The defense attorneys on with me today are claiming the prosecution threw a racial slur at the defense lawyer by saying that he spoke with an Irish accent. I don`t think that qualifies as race, since I`m Irish. I didn`t take any offense at it. What was this case really about, Tom Voth?
VOTH: Well, obviously the homicide and (INAUDIBLE). And the basis of it was -- what it came down to was the key being at the scene when we arrived. That narrows the suspect group down immensely.
GRACE: And what he`s saying, everyone, is that when the cops got there, the key to the door was still in the lock. So in your mind, Tom Voth, the lead detective on this case, who did it narrow down the murderers to?
VOTH: Well, obviously all those that had access to keys. That included the family members, of course, Nannette, a maid, and some workers, and anyone else we could locate that may have access to those keys.
GRACE: Tom, at the time when you first interviewed her, Nannette Johnston, did you believe her story?
VOTH: Well, the first interview was done by two other detectives. Of course, I was privy to it, I was able to listen to it. Then we re- interviewed her the next day and she basically said the same thing. And we found lies and omissions within the first three, four, five questions of the interview.
GRACE: Wow. Jury hands down a guilty verdict in the murder case against Nannette Johnston.
Let`s stop and remember Army Staff Sergeant Joseph Fuerst III, 26, Tampa, Florida, killed Afghanistan. Bronze Star, Purple Heart, Expert Marksmanship Badge. A police academy grad, loved the outdoors, airboating, parachuting, dancing the two step with his wife. Dream of settling in on new property the couple purchased before his death.
Leaves behind parents Joe and Barbara, brother Brian, widow Tara, also served the army and Afghanistan.
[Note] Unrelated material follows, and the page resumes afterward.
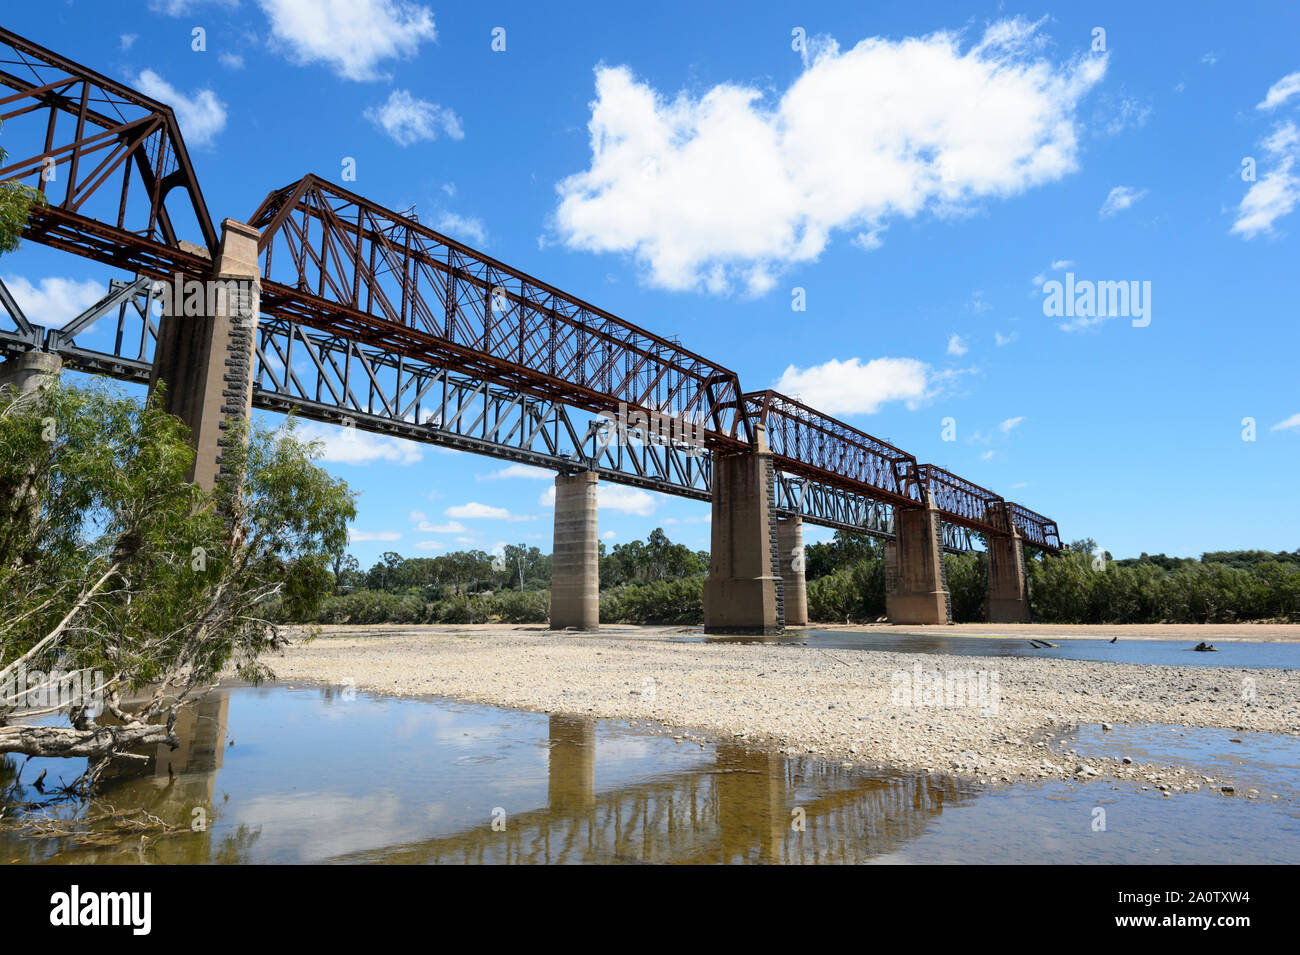 Burdekin pont ferroviaire est classé au Patrimoine Mondial de l'ancien pont ferroviaire sur le Great Northern Railway au cours de la Burdekin à Macrossan, près de la location Banque D'Images

Joseph Fuerst, III, American hero.
Thanks to our guests and especially to you, and special good night for Maryland and Pennsylvania friends, Bonnie and Devon, winners of Gabriel`s Angel Foundation auction. Aren`t they beautiful?
And happy birthday to Georgia friend Jack, involved in so many charities, including Wesley (e Glenn, providing homes for mentally handicapped.
Jack (INAUDIBLE), happy birthday.
Everyone, I`ll see you tomorrow night, 8:00 sharp Eastern. And until then, good night, friend.